Mężczyzna z Kożuchowa zamiast odbywać kwarantannę, wsiadł w samochód i pojechał po zakupy. Wcześniej próbował oszukać policjantów przeprowadzających kontrolę wmawiając im, że jest w domu, ale nie może podejść do okna. Gdy wrócił z powrotem okazało się, że jest nietrzeźwy – ma ponad dwa promile alkoholu w wydychanym powietrzu.

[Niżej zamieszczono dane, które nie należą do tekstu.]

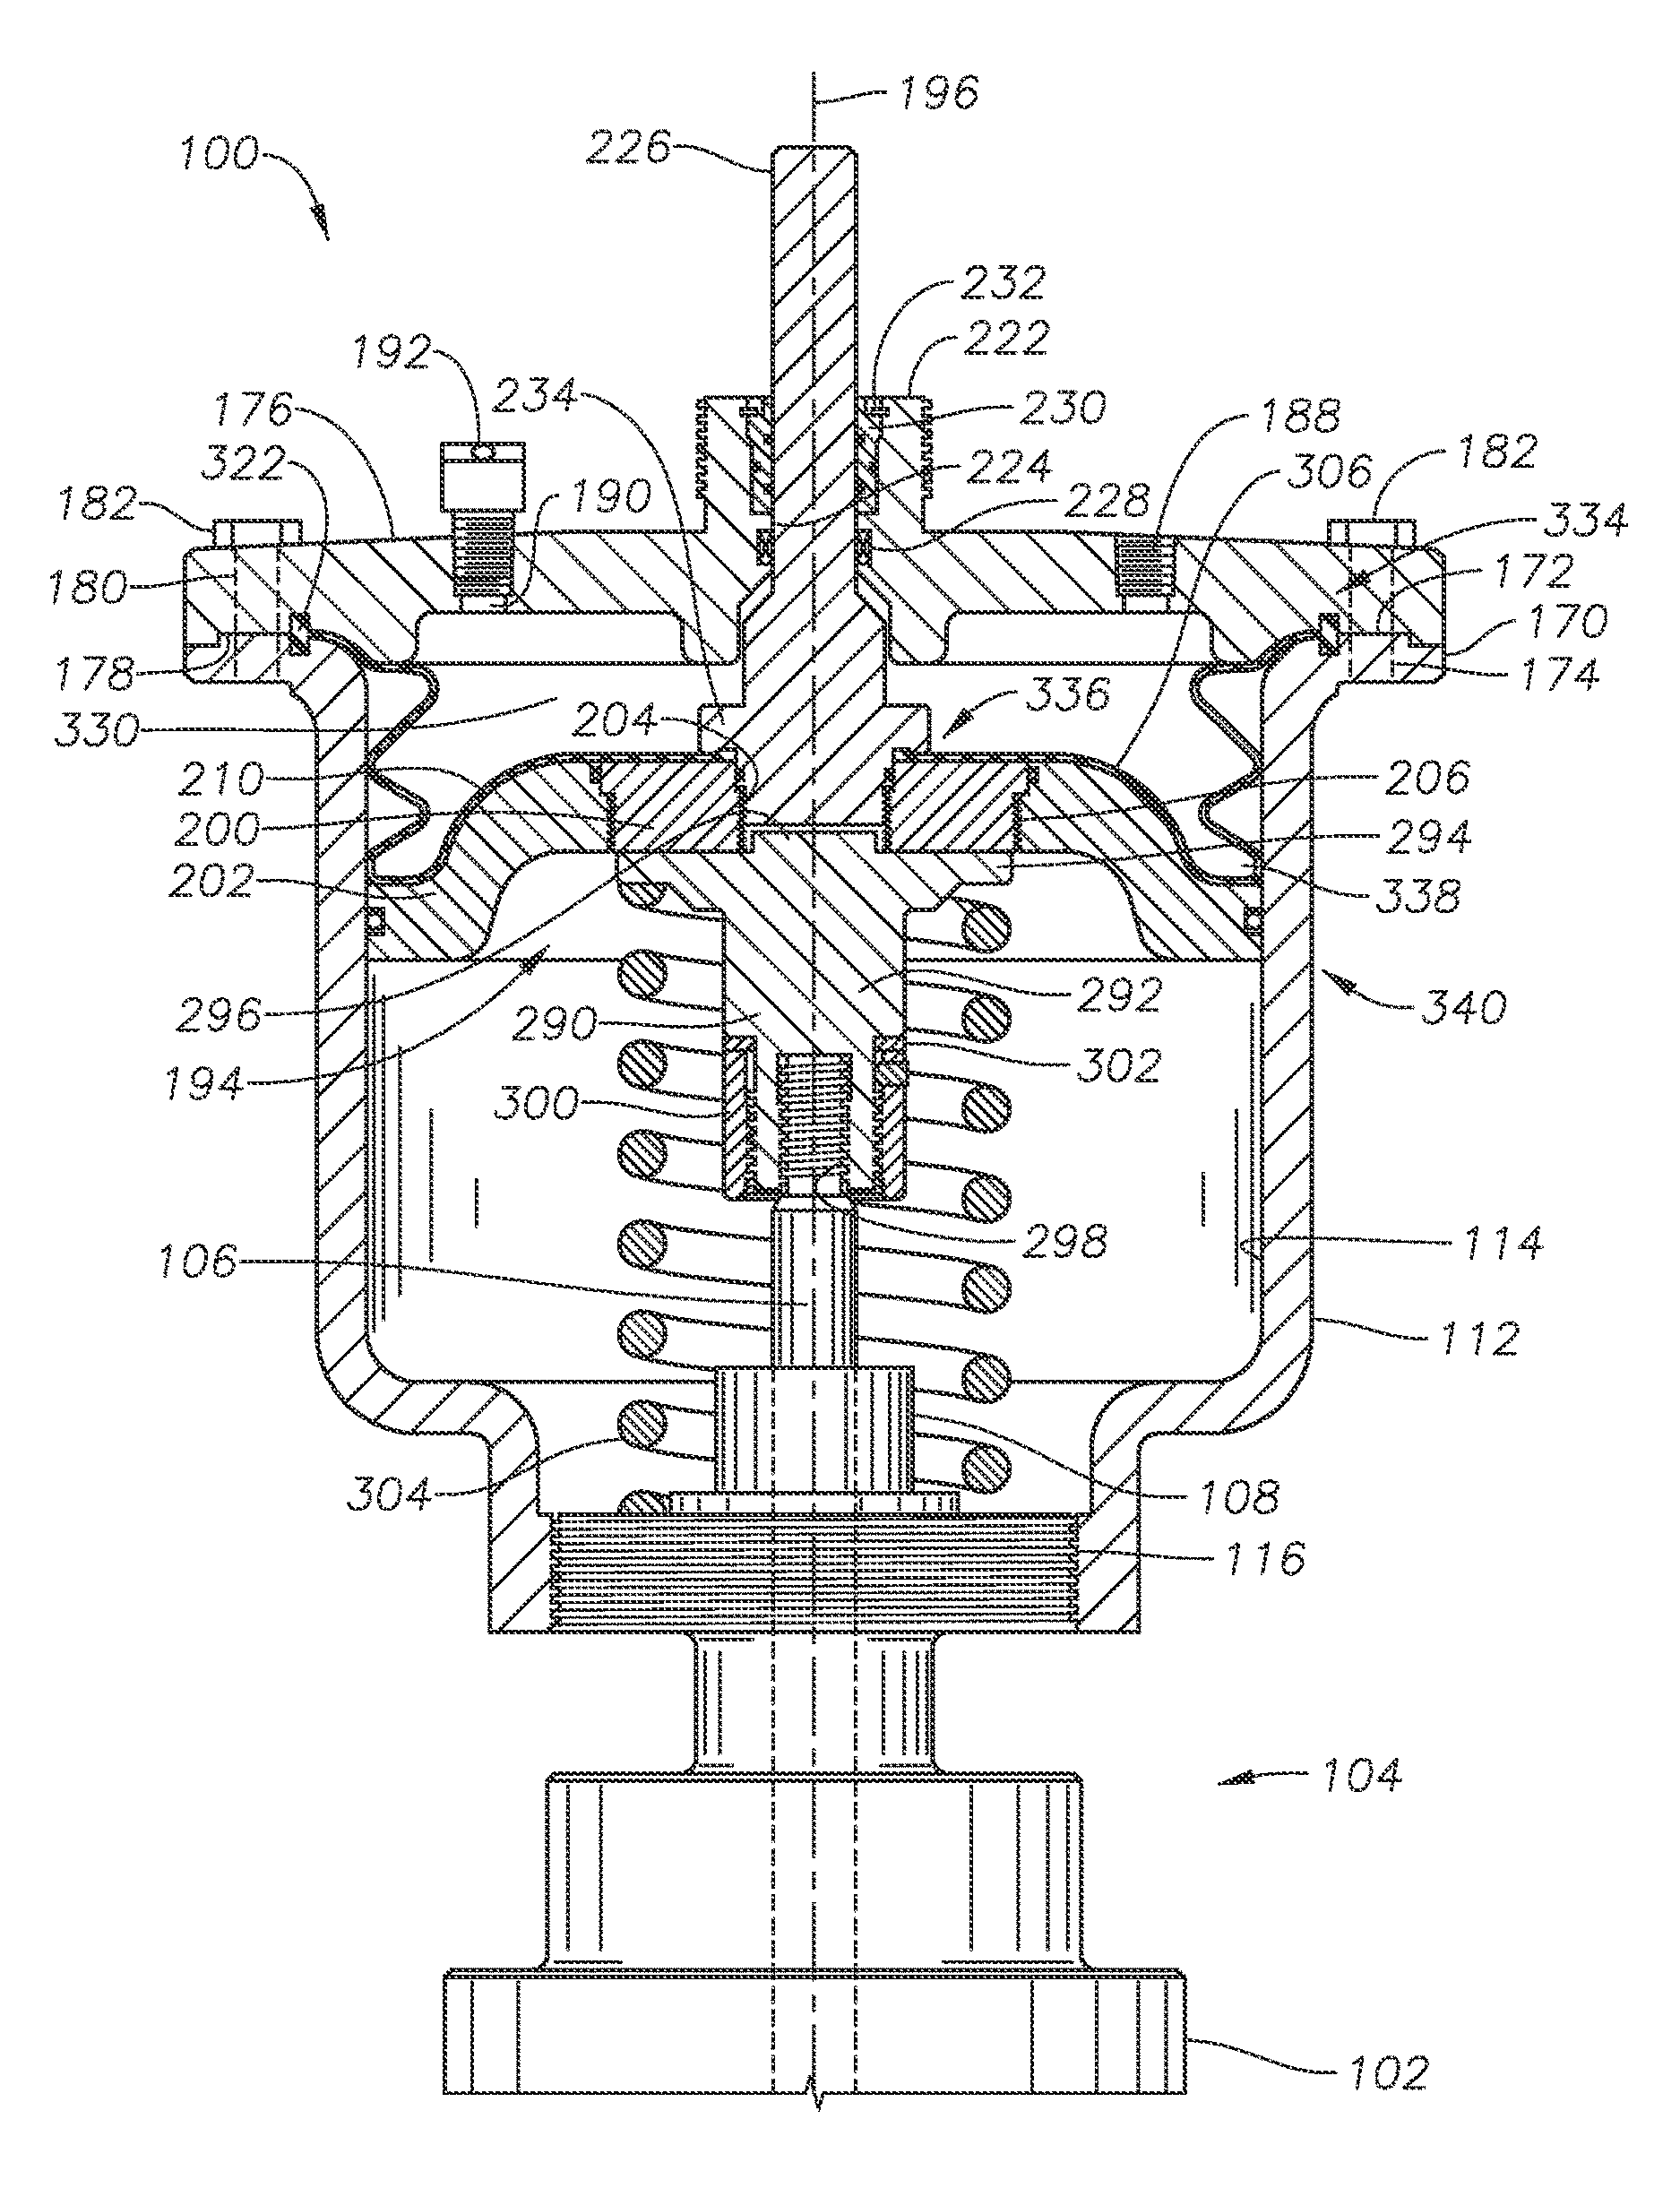 Combination diaphragm piston actuator
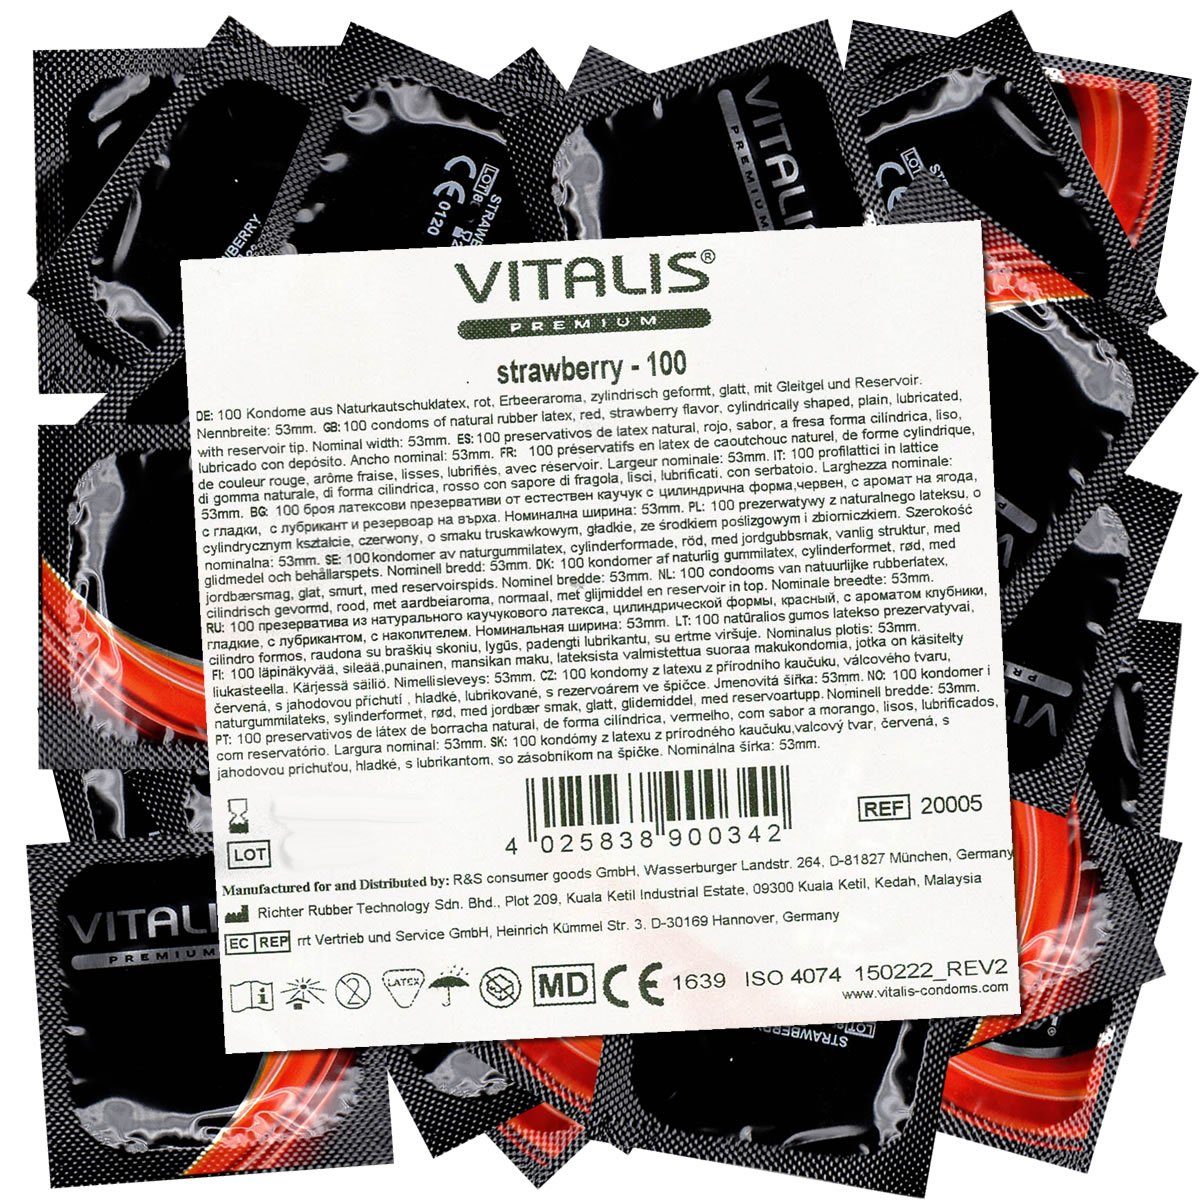 VITALIS Kondome PREMIUM Strawberry (rote Kondome für Oralverkehr) große Packung mit, 100 St., Kondome mit Erdbeer-Aroma, zuverlässig, sicher und angenehm im Gebrauch

przypadek złamania kwarantanny
fot. Policja.pl

W poniedziałek, 27 kwietnia kożuchowscy policjanci pojechali sprawdzić samopoczucie mężczyzny, który został objęty kwarantanną. Przed posesją skontaktowali się telefonicznie z właścicielem numeru, który po odebraniu połączenia rozmówca miał duże trudności w porozumiewaniu się. Zaczął nieskładnie podawać informacje, twierdząc że jest kolegą osoby będącej na kwarantannie, a mężczyzna do którego dzwonią jest obok niego, tylko w tej chwili nie może podejść do okna. Podczas dalszego rozpytania przyznał się w końcu, że jest tą osobą której szukają policjanci, informując że był na zakupach, ale już wraca do domu. Chwilę później pod wskazany adres podjechał samochód, a z niego wysiadł kierowca. Z uwagi na bełkotliwą mowę, przeprowadzono badanie trzeźwości, które wykazało ponad 2 promile alkoholu w wydychanym powietrzu.

↓ Kontynuuj czytanie po reklamie ↓

Sprawa będzie miała finał w sądzie. Mężczyzna odpowie za jazdę „po pijaku” oraz za złamanie warunków kwarantanny.